Sales of bank-owned homes in the third quarter increased 19 percent from the previous quarter nationwide, but were still down 20 percent from the third quarter of 2011.

But in some states REO sales jumped much more dramatically. Sales of Ohio foreclosed homes spiked  70 percent from the previous quarter, the biggest quarterly jump of any state. Sales of Ohio REOs were up 17 percent from a year ago.

Missouri, Florida, Michigan and North Carolina all saw sales of bank-owned homes increase more than 50 percent from the previous quarter. In Texas, REO sales jumped 49 percent from the previous quarter. In all, sales of bank-owned homes increased from the previous quarter in 34 states and the District of Columbia.

These increases demonstrate that while foreclosure activity is down and lenders are shifting more to short sales as the preferred method of disposition of their distressed properties, there is still some REO inventory that needs to be sold off.

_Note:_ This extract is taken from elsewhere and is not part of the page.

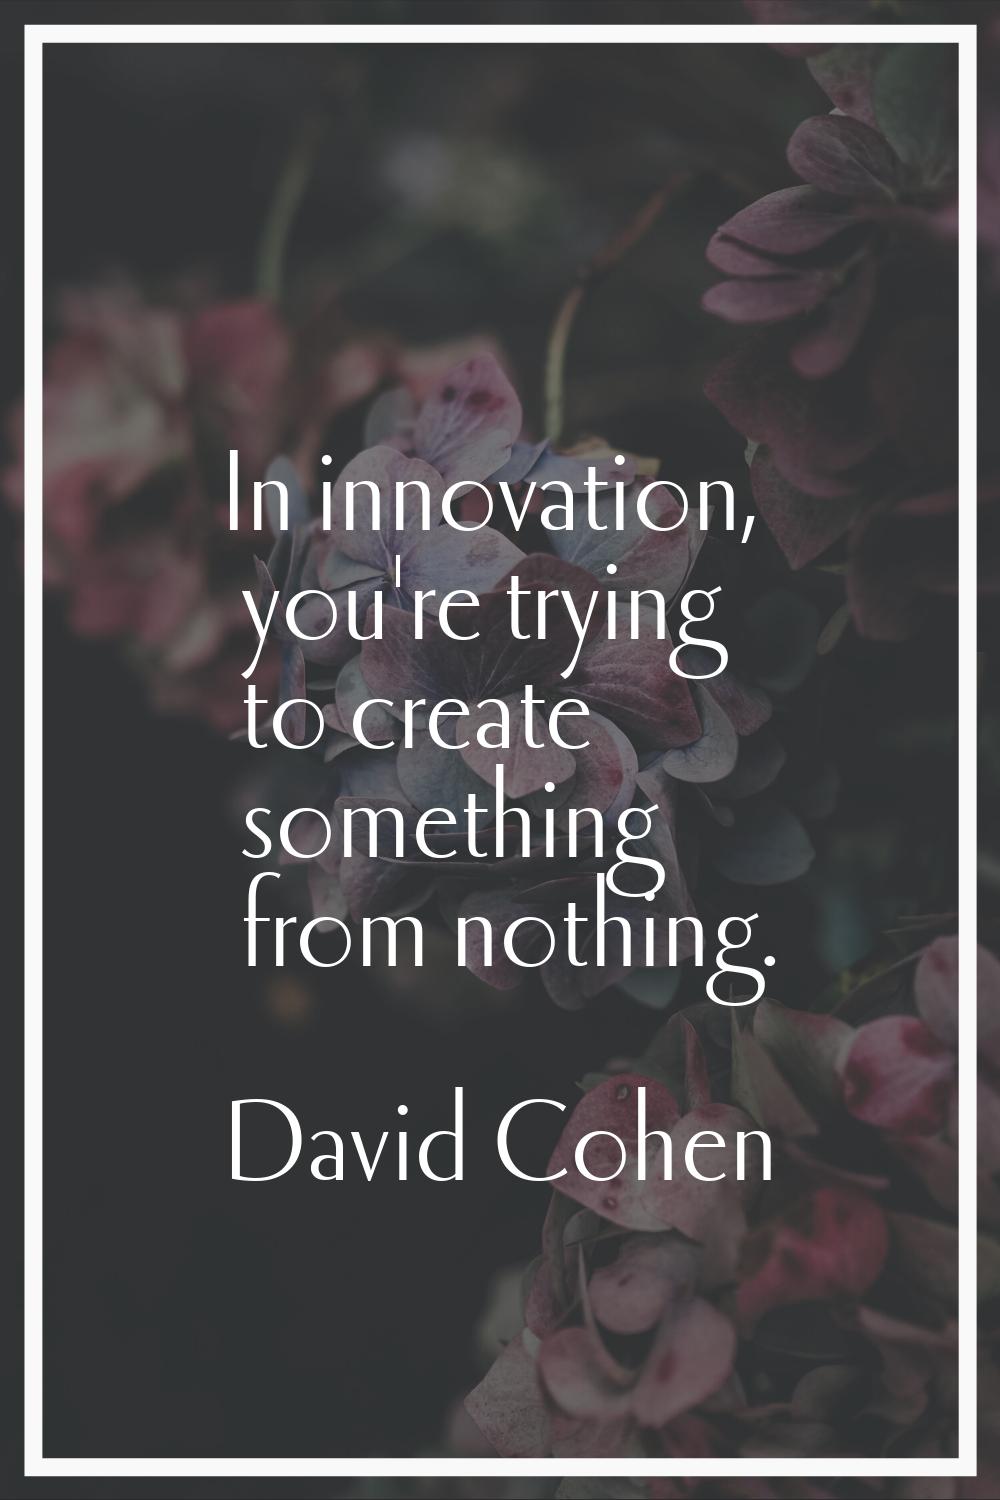 In innovation, you're trying to create something from nothing.

The number of REO sales will likely never return to the heights of late 2008 and early 2009, when REO sales were averaging more than 170,000 per quarter and 22 percent of all residential sales. Even with the increase from the previous quarter, REO sales nationwide totaled 94,934 and accounted for about 10 percent of all sales.

In comparison, short sales occurring on properties not in foreclosure accounted for 22 percent of all sales in the quarter, increasing 15 percent from the previous quarter and up 17 percent from a year ago.

Nevertheless, there is still life left in the REO sales market. While many banks are motivated to avoid the increasingly messy and costly foreclosure process, there are some properties where the only viable alternative is foreclosure.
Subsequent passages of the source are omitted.